Each instruction is broken down into its own line, and the control logic of the directions has been broken down into control structures. Without control structures, a program would just be a series of instructions executed in sequential order. But our driving directions weren't that simple. They included statements like, "Continue on Main until you see a church on your right" and "If the street is blocked because of construction …." These are known as control structures, and they change the flow of the program's execution from a simple sequential order to a more complex and more useful flow.

In addition, the instructions to turn the car are much more complicated than just "Turn right on 16th street." Turning the car might involve locating the correct street, slowing down, turning on the blinker, turning the steering wheel, and finally speeding back up to the speed of traffic on the new street. Because many of these actions are the same for any street, they can be put into a function. A function takes in a set of arguments as input, processes its own set of instructions based on the input, and then returns back to where it was originally called. A turning function in pseudo-code might look something like this:

Function Turn(the_direction, the_street)
{
   locate the_street;
   slow down;
   if(the_direction == right)
   {
      turn on the right blinker;
      turn the steering wheel to the right;
   }
   else
   {
      turn on the left blinker;
      turn the steering wheel to the left;
   }
   speed back up
}

By using this function repeatedly, the car can be turned on any street, in any direction, without having to write out every little instruction each time. The important thing to remember about functions is that when they are called the program execution actually jumps over to a different place to execute the function and then returns back to where it left off after the function finishes executing.

One final important point about functions is that each function has its own context. This means that the local variables found within each function are unique to that function. Each function has its own context, or environment, which it executes within. The core of the program is a function, itself, with its own context, and as each function is called from this main function, a new context for the called function is created within the main function. If the called function calls another function, a new context for that function is created within the previous function's context, and so on. This layering of functional contexts allows each function to be somewhat atomic.

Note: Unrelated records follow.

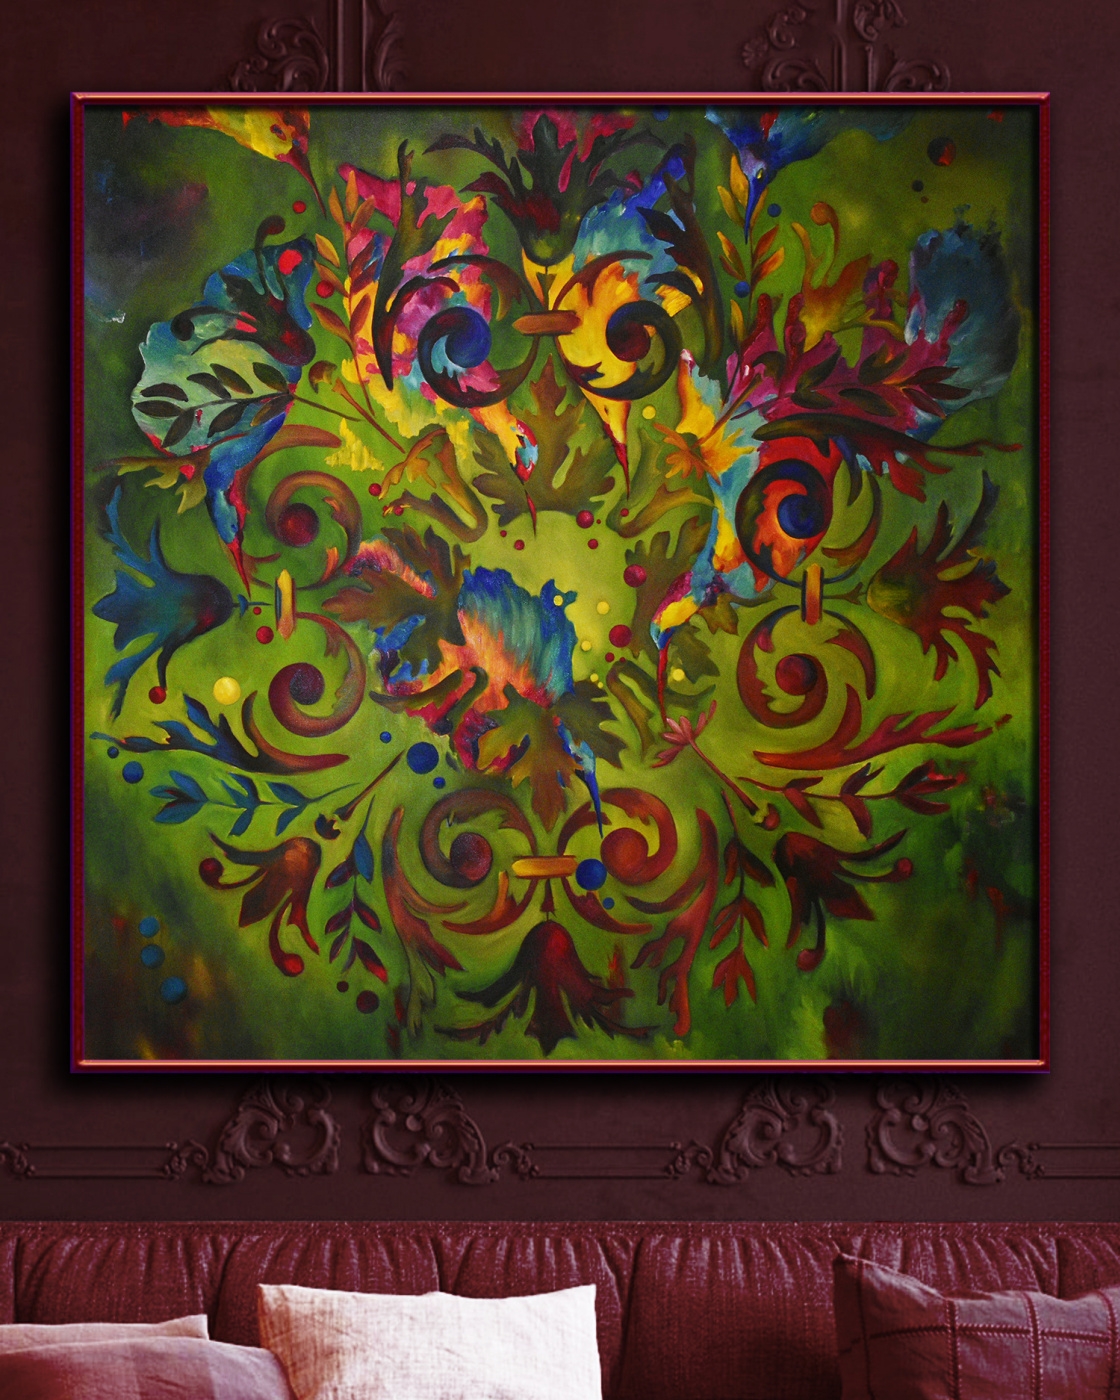 BIRDS and BERRIES 110*110 cm, original oil painting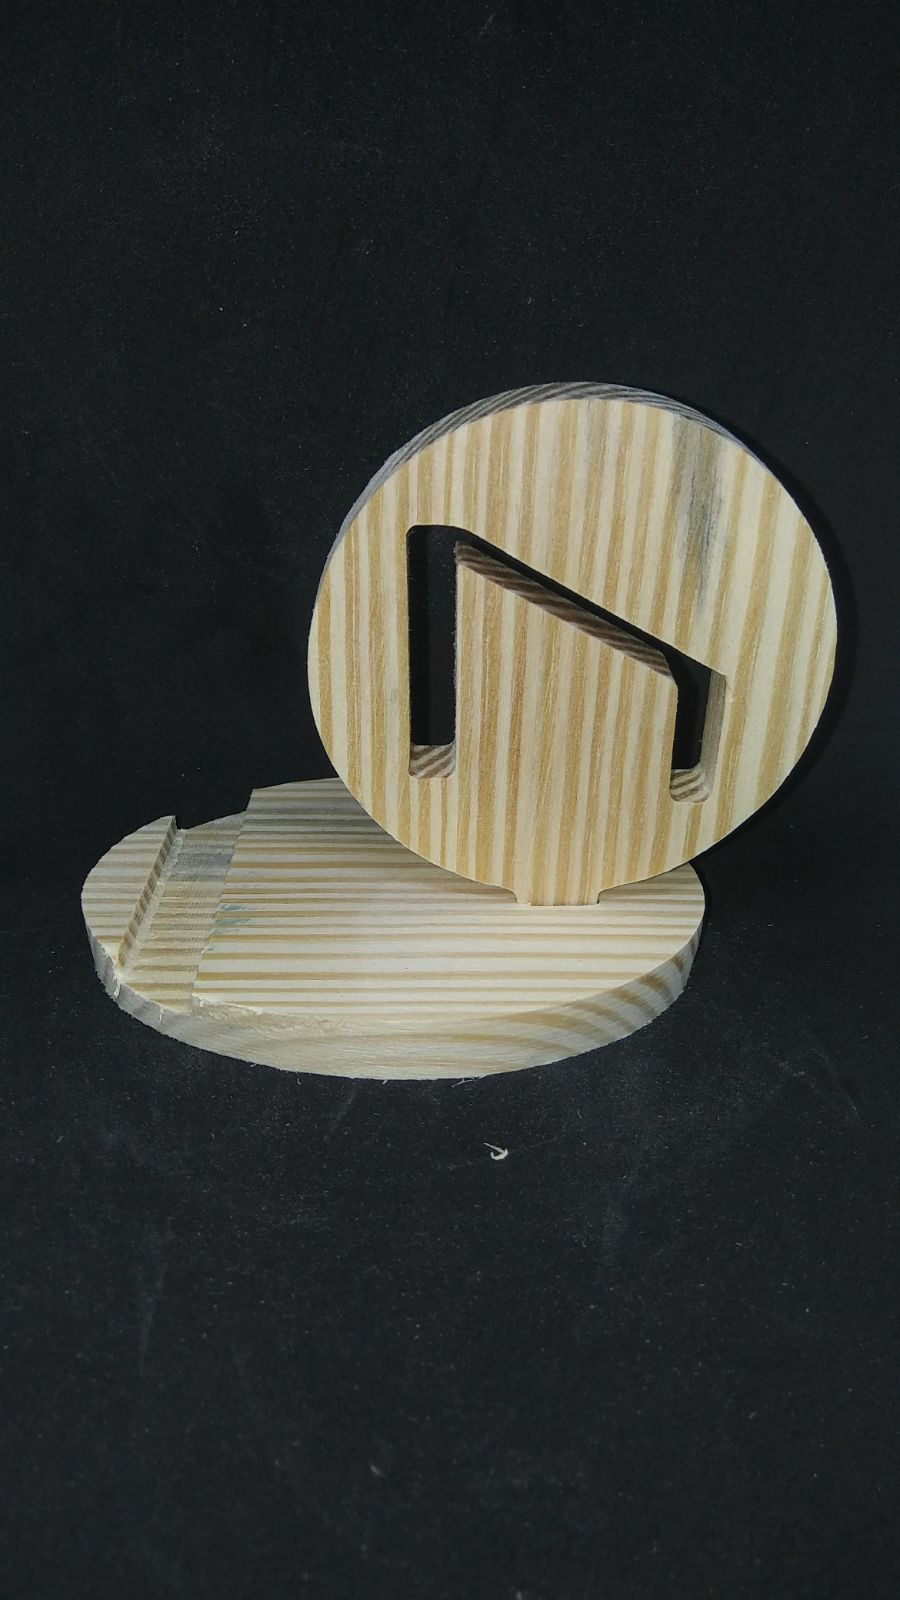 Wood Phone Stand - Strength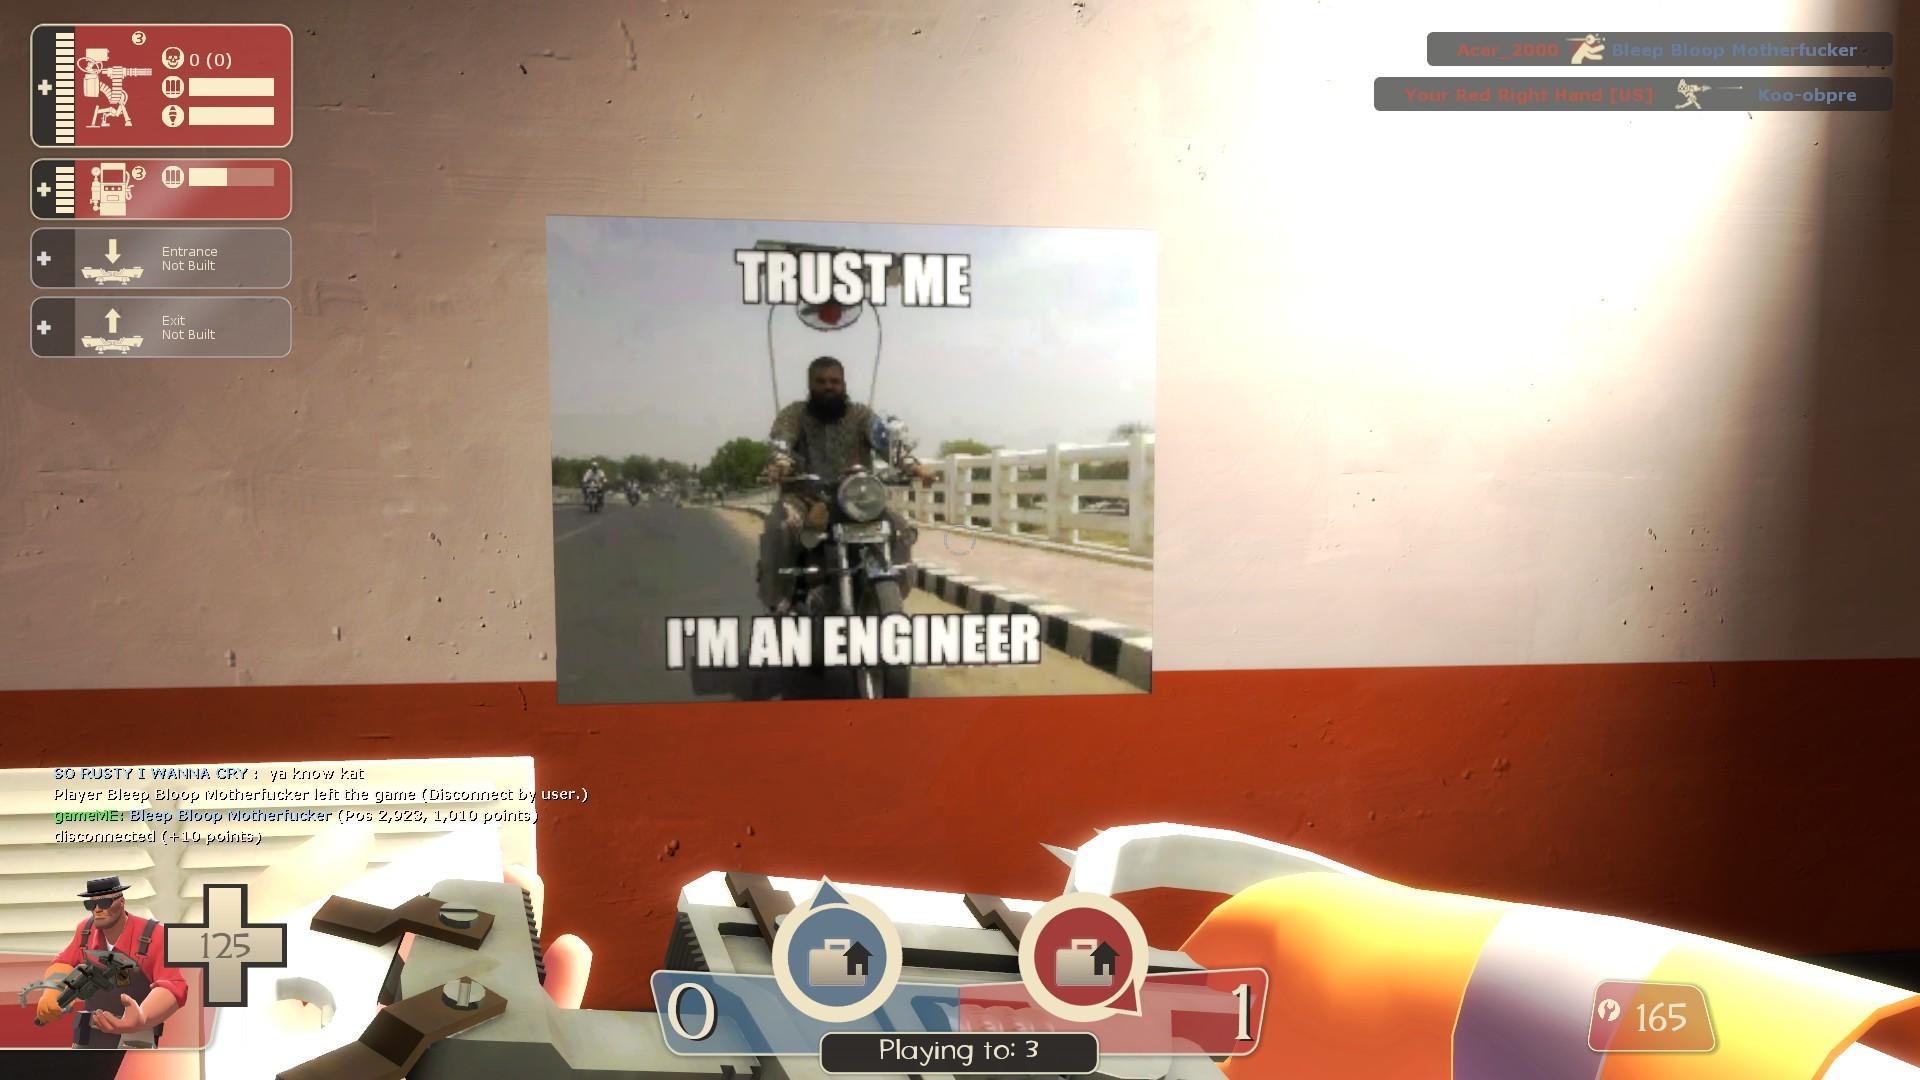 trust me im am engineer d team fortress 2 sprays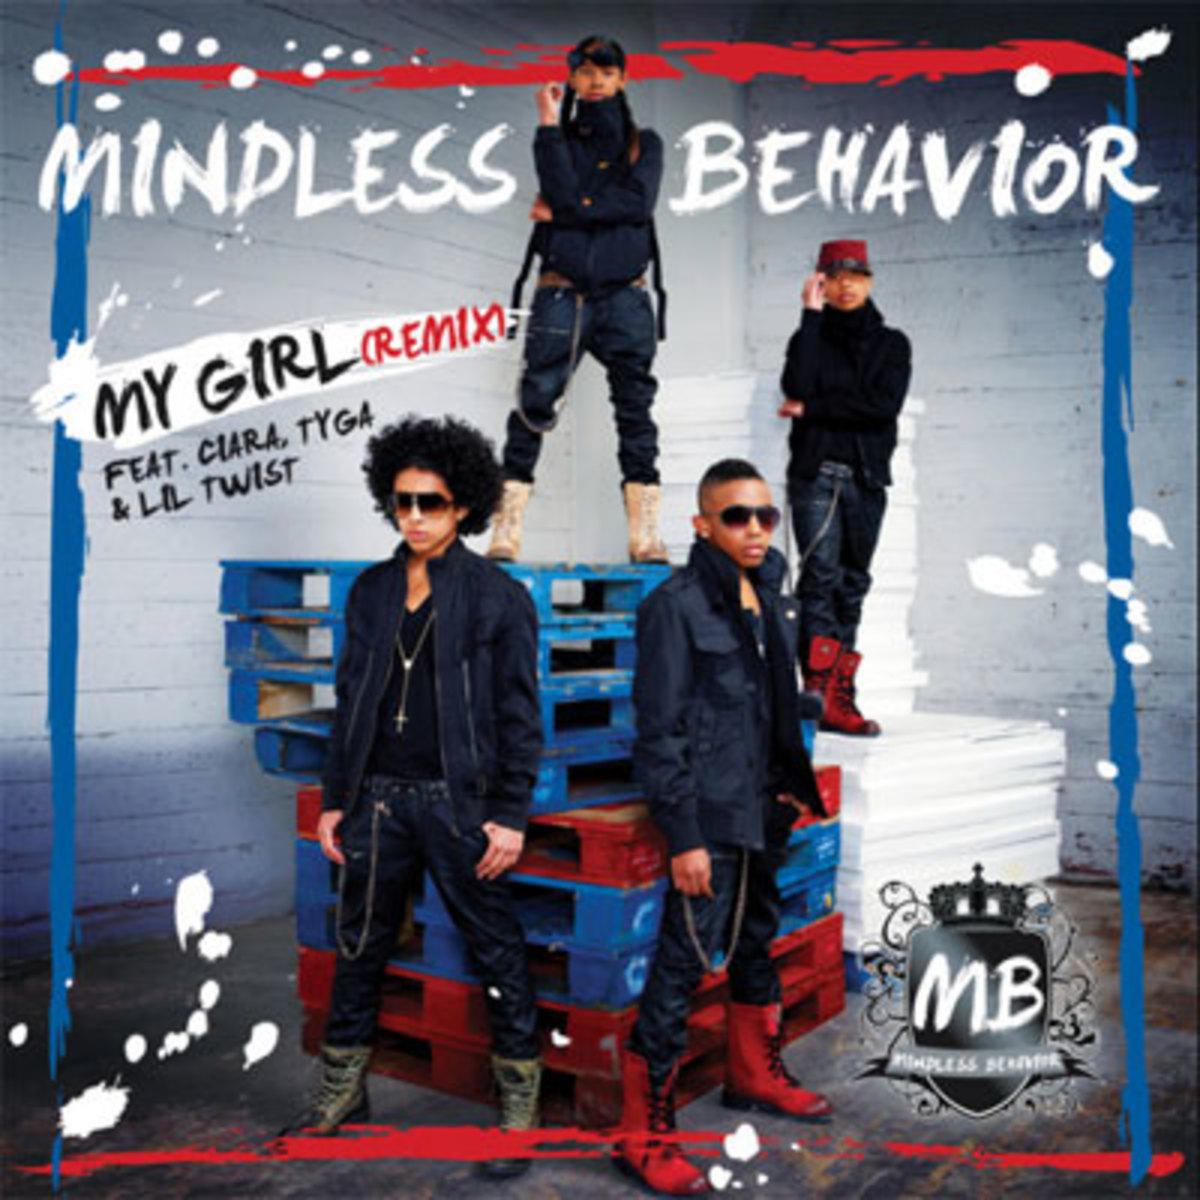 mindlessbehavior-mygirlrmx.jpg

The control structures and functional concepts found in pseudo-code are also found in many different programming languages. Pseudo-code can look like anything, but the preceding pseudo-code was written to resemble the C programming language. This resemblance is useful, because C is a very common programming language. In fact, the majority of Linux and other modern implementations of Unix operating systems are written in C. Because Linux is an open source operating system with easy access to compilers, assemblers, and debuggers, this makes it an excellent platform to learn from. For the purposes of this book, the assumption will be made that all operations are occurring on an x86-based processor running Linux.